The diagram below depicts the structure of technical work-packages and the overall organization of the work. The project is divided into four primary workpackages: WP1 to WP4, as shown in figure below. WP1 will focus on all architectural framework aspects of the research activities in WP2 and WP3, while WP4 will provide trust and security analysis and feedback to WP1-3.

On the problem solving side, alternative innovative solutions will be addressed in WP2 and WP3, which constitute the core of the research activity. Nevertheless, innovations are expected as a result of the research activities in WP1 and WP4. Specifically, the solution space is divided into two main categories:

• Software only solutions to remote entrusting - WP2
• Combined software/hardware solutions to remote entrusting - WP3

According to the RE-TRUST general approach, an application running on the 1st untrusted machine is enhanced with a secure software module that is responsible for monitoring the authenticity of the application itself. As far as the application is genuine, the secure software module continuously generating secure signatures that are validated by the 2nd entrusting machine (and thereby entrusting the application on the 1st untrusted machine).

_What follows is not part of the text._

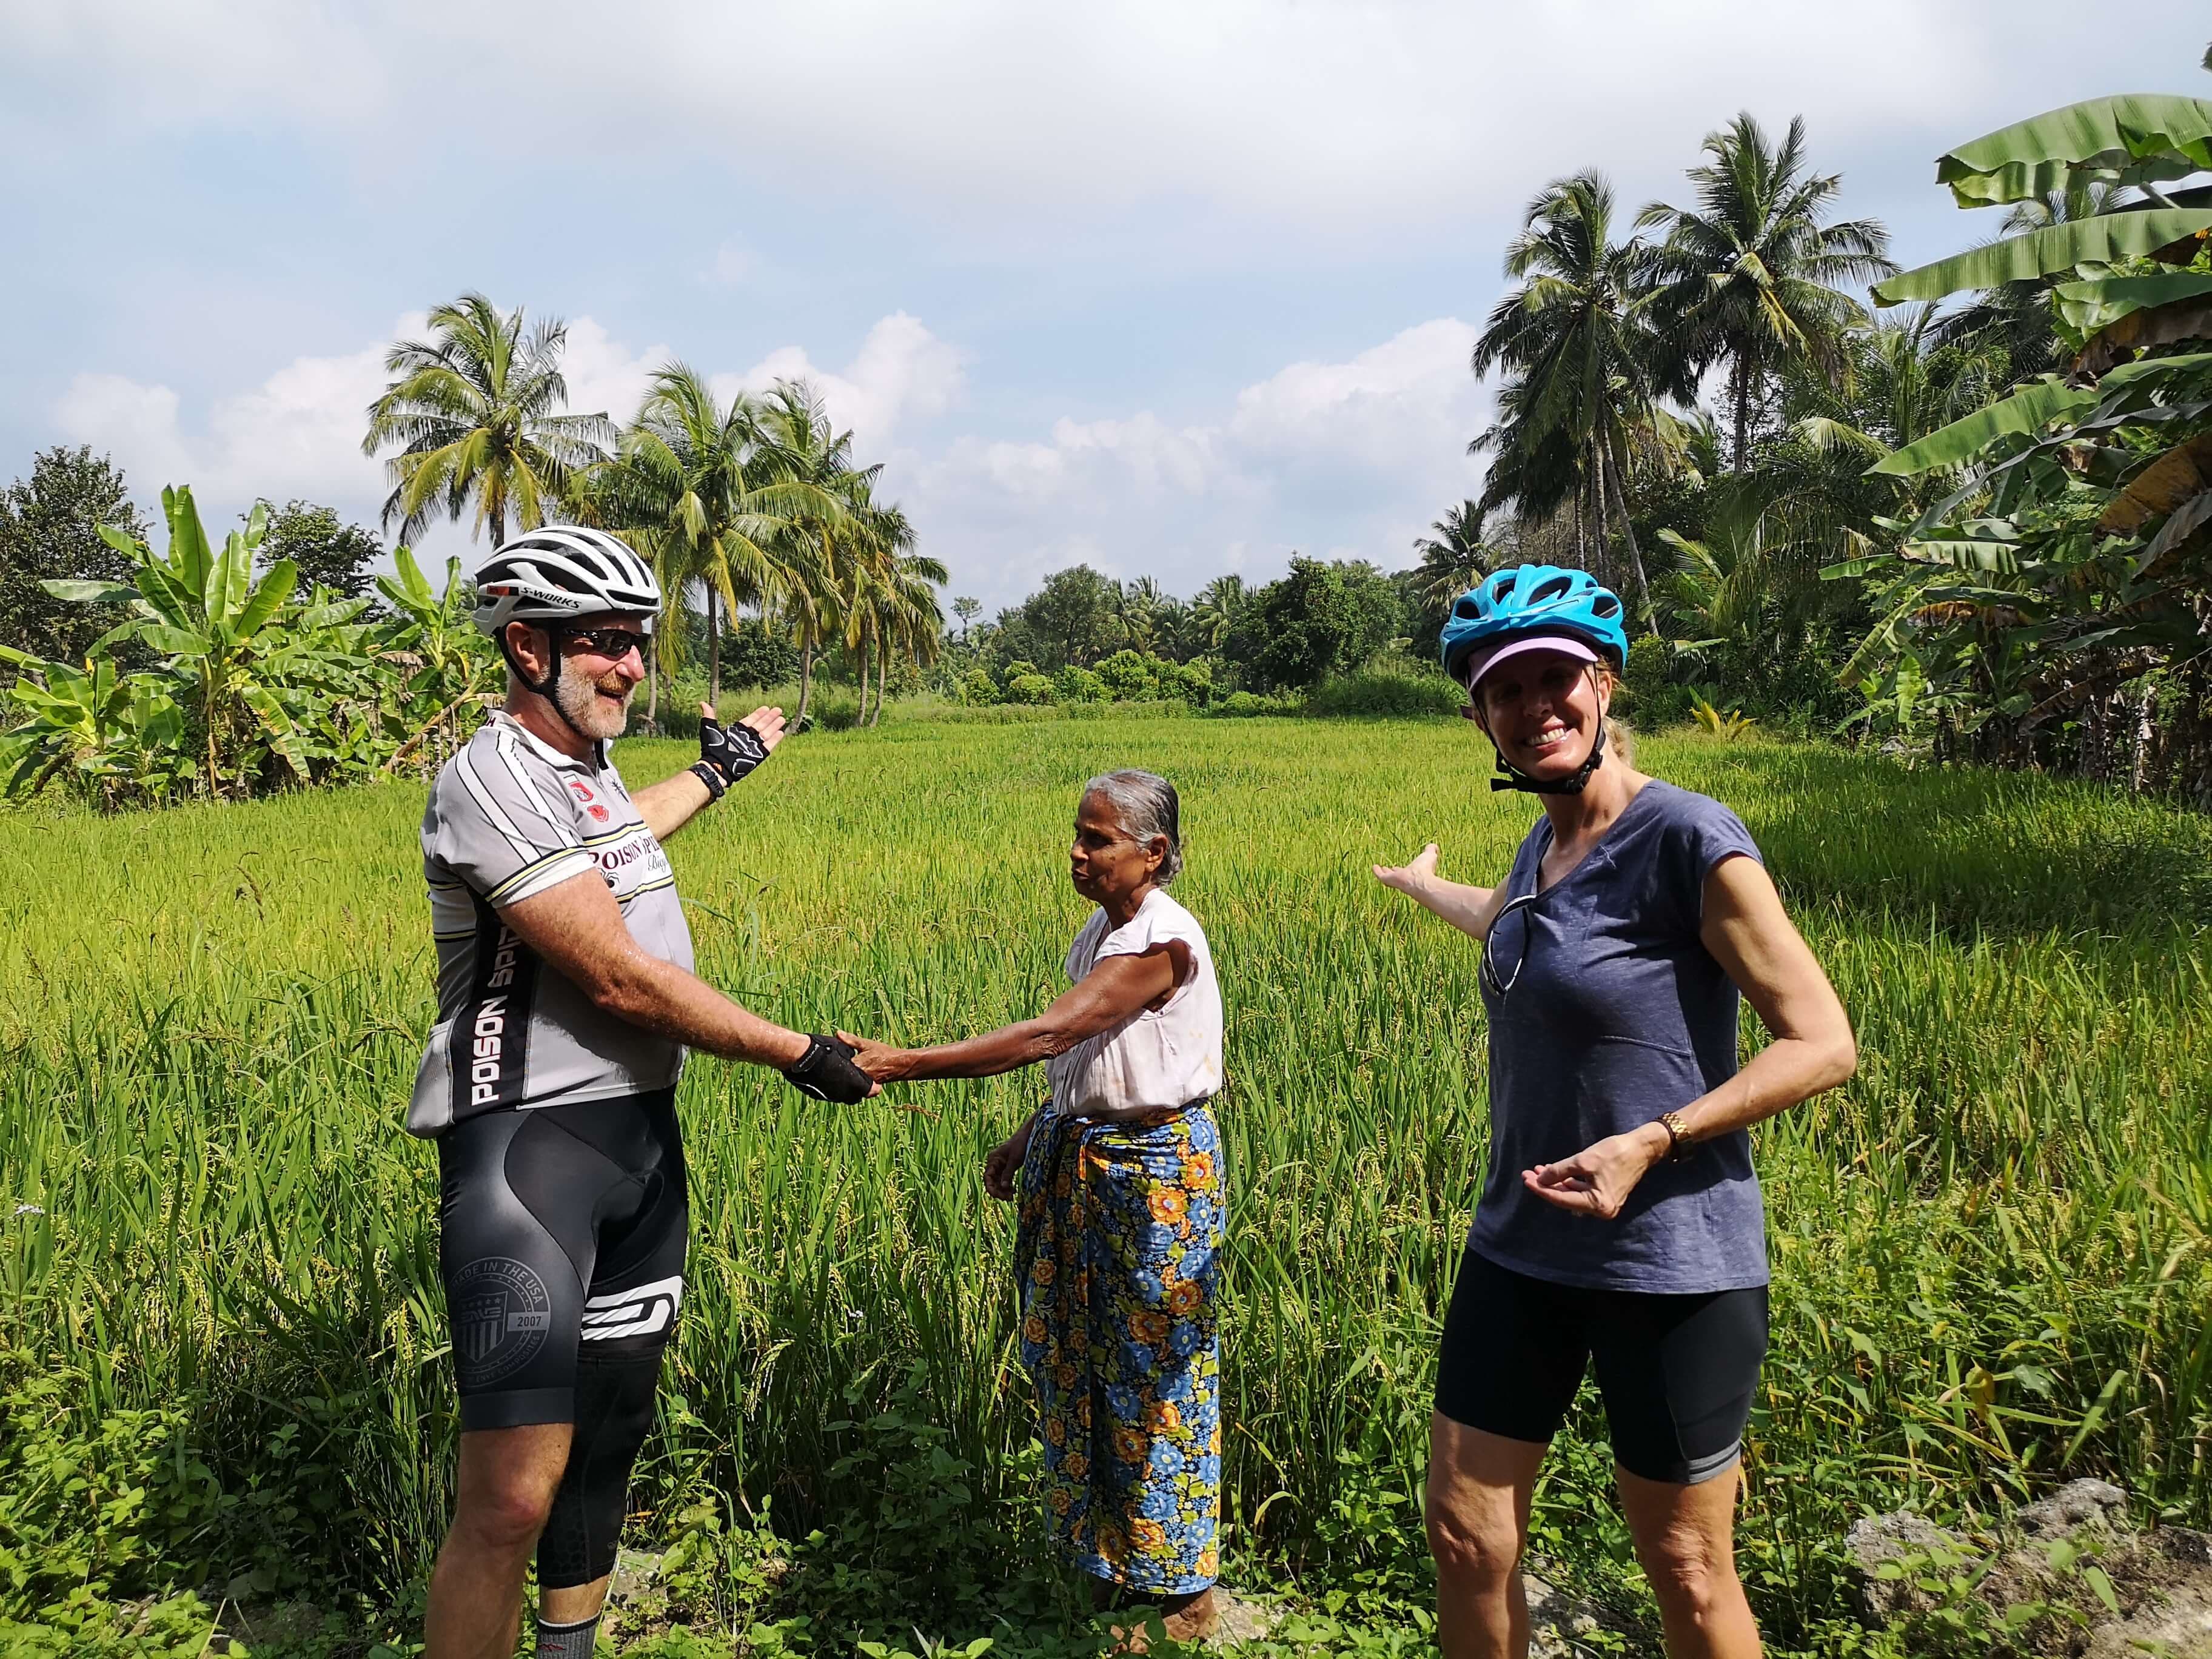 Los turistas conocen a la población local en la zona de plantaciones de arroz en Sigiriya, Sri Lanka

Work Package 1 (Architectural Framework) will provide the framework for the design of both SW-based and HW/SW-based methods. Since there are several design alternatives and key expected discoveries, it is too early to carve in stone the specific architecture. Indeed, several architectural alternatives will be investigated in depth. Furthermore, feedback from WP2-4 will be evaluated. Consequently, the architectural development will be done in two phases:

• Phase 1 - initial architectural framework at the beginning of the project - which will constitute the framework for WP2, WP3 research activities;
• Phase 2 - reference architectural design towards the end of the project - which will reflect the scientific/technological findings of WP2, WP3 and WP4 and will be the base for the following activities: (1) proof of concepts, (2) definition of possible, follow-up product solutions, and (3) possible standardization.

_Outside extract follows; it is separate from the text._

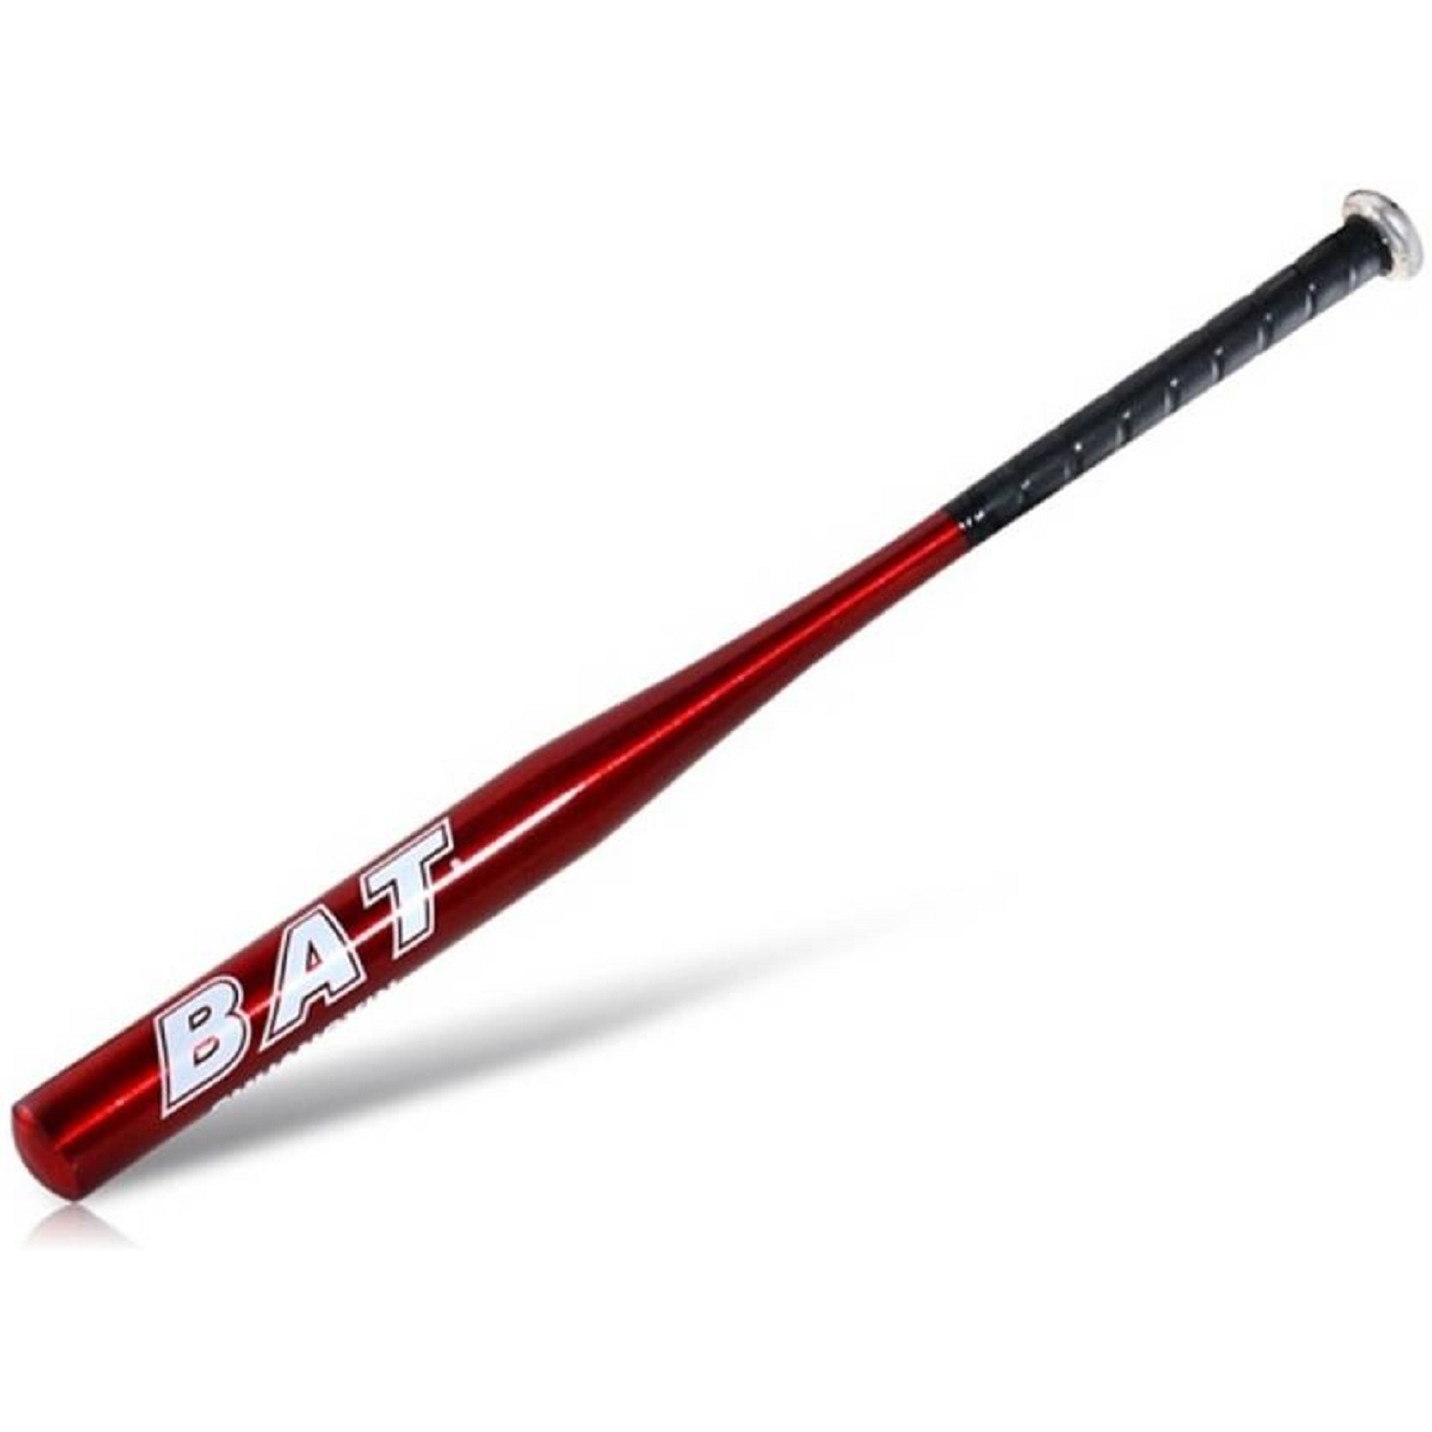 Можно купить биту. Бита бейсбольная bat красная. Бита бейсбольная (30" (75см) алюминий / черная). Бейсбольная бита черная. Бита бейсбольная деревянная черная.

Work Package 2 (SW-method) investigates software-only methodologies for realizing the above-mentioned principle (see details in Section B.1). In particular, WP2 addresses two objectives: (1) the secure software module should be combined (interlocked) in a secure way with the original application, and (2) the combined module must be robust against tampering (i.e., tamper resistance - TR). The first challenge will be dealt with by means of SW dependability techniques (e.g., for software faults detection). Tampering attacks are similar to random faults with the major difference that they are intentional (not accidental). Consequently, software dependability techniques are applicable to the trust domain as defined in RE-TRUST. Finally, note that software dependability techniques are traditionally applied to a compiled code (e.g., C and C++). An additional challenge in this task will be to extend the above-mentioned techniques to an interpreted code (e.g., C# and Java).

The second above objective will be addressed with two complimentary techniques: (2a) tamper resistance through software-based techniques, like source and binary obfuscation, and (2b) tamper avoidance, by dynamically replacing (parts of) secure software module, hence limiting the module lifetime (thus, also the tampering duration).

Work Package 3 (HW/SW method) investigates tamper resistance methodologies combining hardware and software. With this approach, relatively inexpensive and widely available hardware modules, such as smart cards or Trusted Platform Modules (TPMs) can be used to strengthen and improve the software-only protection method (as studied in WP2). A wide spectrum of possible solutions will be investigated ranging from low to high trust protection. This ranges from the hardware performing only some central operations (e.g., public key cryptography) to directly controlling the execution of major parts of the application, where the (untrusted) computer only stores encrypted code and data.

Work Package 4 (Analysis) will evaluate the soundness of the scientific results in WP1, WP2 and WP3 and assess the effectiveness and the robustness of results. Particularly, WP4 will focus on trust and security analysis of the tamper resistance techniques that will be designed in WP2 and WP3, and consequently, will provide feedback to the overall solution architecture in WP1. The work package has the following main objectives:

• To provide trust analysis for both SW-based and SW/HW-based methods.
• To define metrics for reverse engineering complexity for some techniques such as code replacement and obfuscation.
• To provide a comparative analysis between RE-TRUST and trusted computing (TC).
• To explore trust and security vulnerabilities that are exploitable if the operating system (OS) is untrusted.
• To analyze the need for remote entrusting by showing why the existing protocols do not address or solve the central problems addressed in RE-TRUST project. The analysis includes specific guidelines on how existing security protocols (e.g., IPSec, SSL/TLS) can be enhanced with remote entrusting techniques developed in WP2 and WP3.